Quebec History Marianopolis College


Date Published:
July 2005

L’Encyclopédie de l’histoire du Québec / The Quebec History Encyclopedia

 

Gaspé

 

Gaspé scene from a painting of Albert Cloutier

This painting exemplifies the romantic view of the Gaspé that prevailed in the 1930's.

Source: from a brochure of the Provincial Tourist Bureau in association

with the Roads Department, Quebec, c. 1935, 32p.

Gaspé, a county in Quebec, at the eastern end of the Gaspé peninsula. For provincial purposes the county is divided into Gaspé-nord and Gaspé-sud. The chief town is Percé. Pop. 55,208 [in 1948].

 

Gaspé, a village in Gaspé county, Quebec, on the south shore of Gaspé basin. Its population, half Roman Catholic, half Protestant [in 1948; the population is heavily Roman Catholic now as most anglophones have left the Gaspé region for other parts of the province or the country.]

 

Gaspé bay lies on the south-east coast of the Gaspé peninsula, between cape Gaspé and Whale head. It has a depth of 16 miles and an average width of 5 miles, and is one of the most commodious harbours on the Atlantic seaboard. From its extremity two inlets, known as the north-west and south-west arms, penetrate some distance into the interior, and receive the waters of several rivers.

 

Gaspé, cape, the promontory at the north of the entrance to Gaspé bay, at the north-eastern end of the Gaspé peninsula. It is the eastern extremity of the Shickshock mountains, and resembles "a fantastic ship, the poop of which rises to a height of 1,500 feet, and the prow of which towers 365 feet above the ocean". It is called by the English also Ship head.

 

Gaspé peninsula, an immense tongue of land in the province of Quebec, lying between the St.
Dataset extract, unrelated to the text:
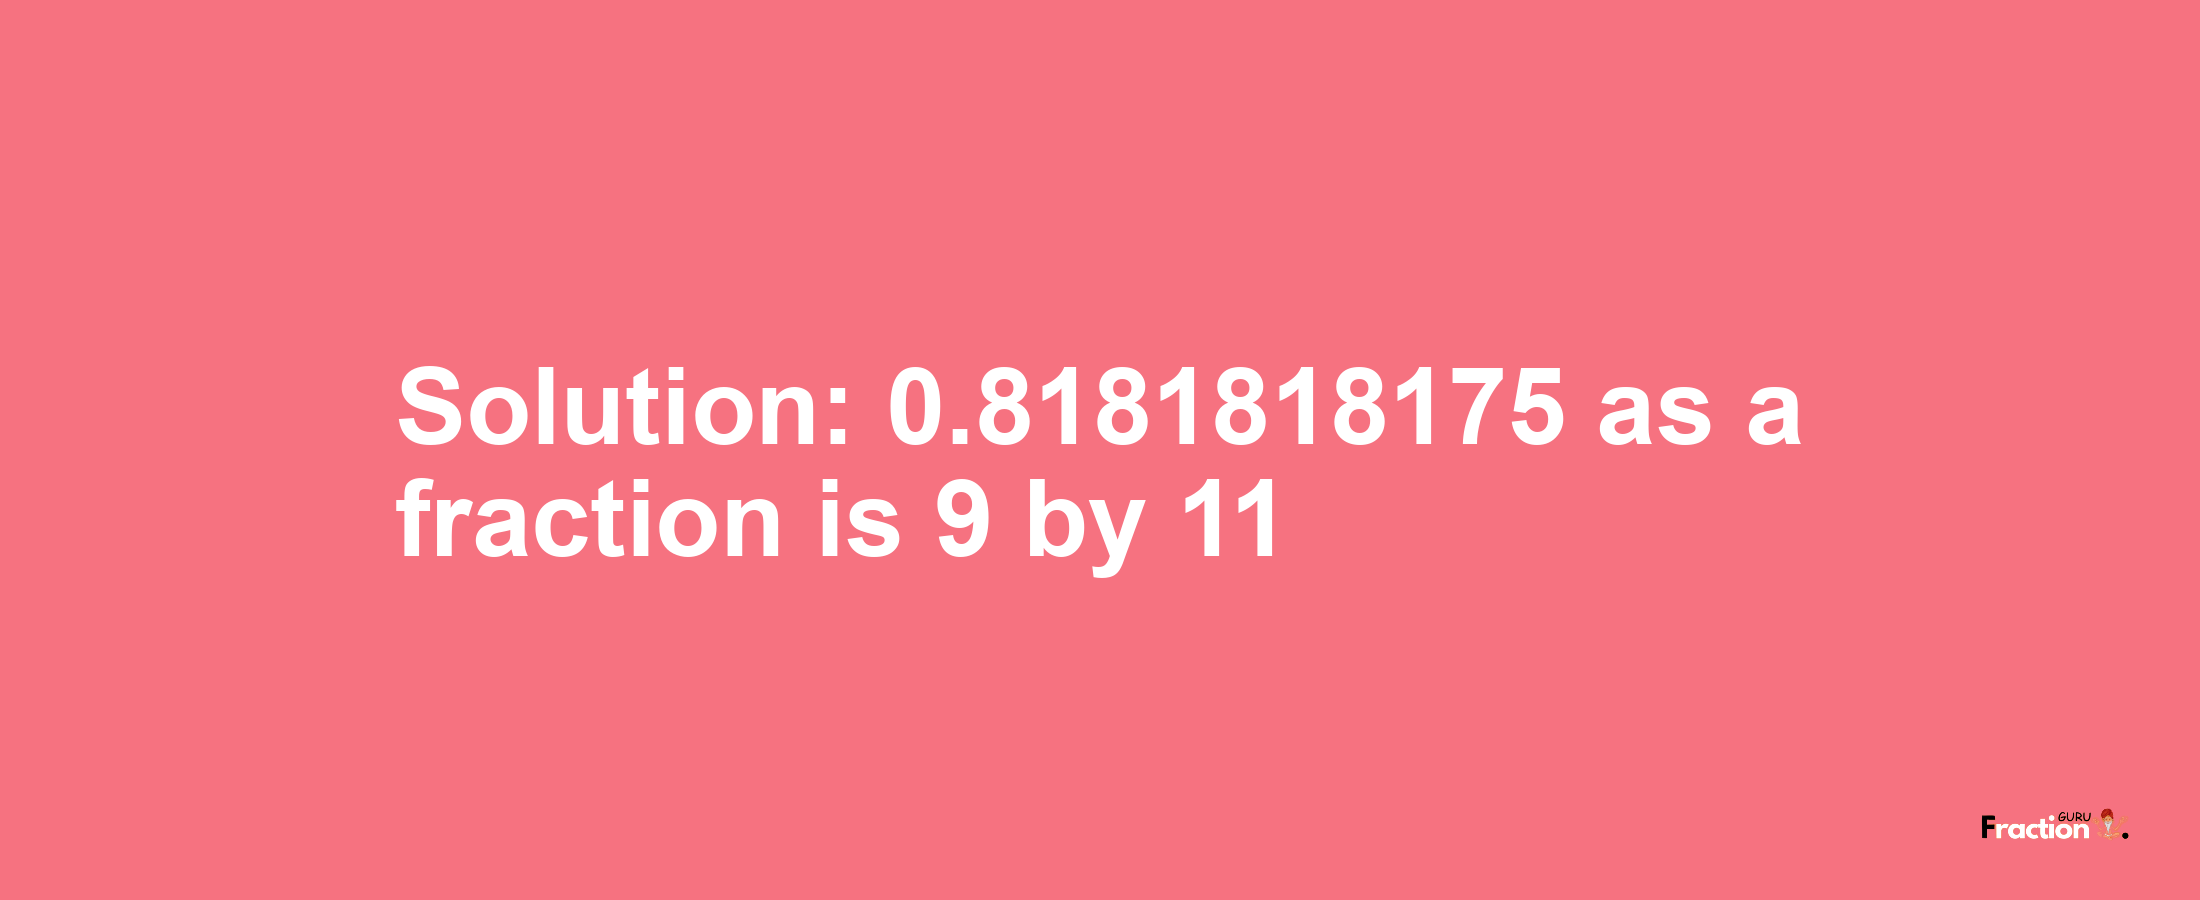 Solution:0.8181818175 as a fraction is 9/11

Lawrence river and gulf and the bay of Chaleur . It is about 150 miles long, and has a coastline, from Cap Chat on the north to Restigouche on the south, of about 375 miles. The interior of the peninsula is mountainous, the Shickshock mountains providing for it a sort of backbone. The chief industries of the peninsula are fishing and lumbering; but it is becoming more and more of a tourist resort, since the construction of a motor highway around the coast. It comprises two counties of Quebec, Gaspé and Bonaventure, which have a combined population (1931) of 66,619. Since an early period, the name "Gaspesia" has been applied to the peninsula; but this term appears to have been confined exclusively to literary usage. The literature relating to the peninsula has been voluminous; but especial mention should be made of C. Leclercq, New relation of Gaspesia, tr. and ed. by W. P. Ganong (Toronto, Champlain Society, 1910), J. B. Perland, La Gaspésie (Quebec, 1877), J. C. Langelier, Esquisse sur la Gaspésie (Lévis, 1884; new ed., Quebec, 1885), A. Béchard, La Gaspésie en 1888 (Quebec, 1918), J. M. Clarke, Sketches of Gaspé (Albany, 1908) and The heart of Gaspé (New York, 1913), A. Pelland, La Gaspésie (Quebec, 1914), Rev. A. Bernard, La Gaspésie en soleil (Montreal, 1925), and C. E. Roy and L. Brault, Gaspé depuis Cartier (Quebec, 1934).

Source  : W. Stewart WALLACE, ed., The Encyclopedia of Canada, Vol. III, Toronto, University Associates of Canada, 1948, 396p., pp. 11-12.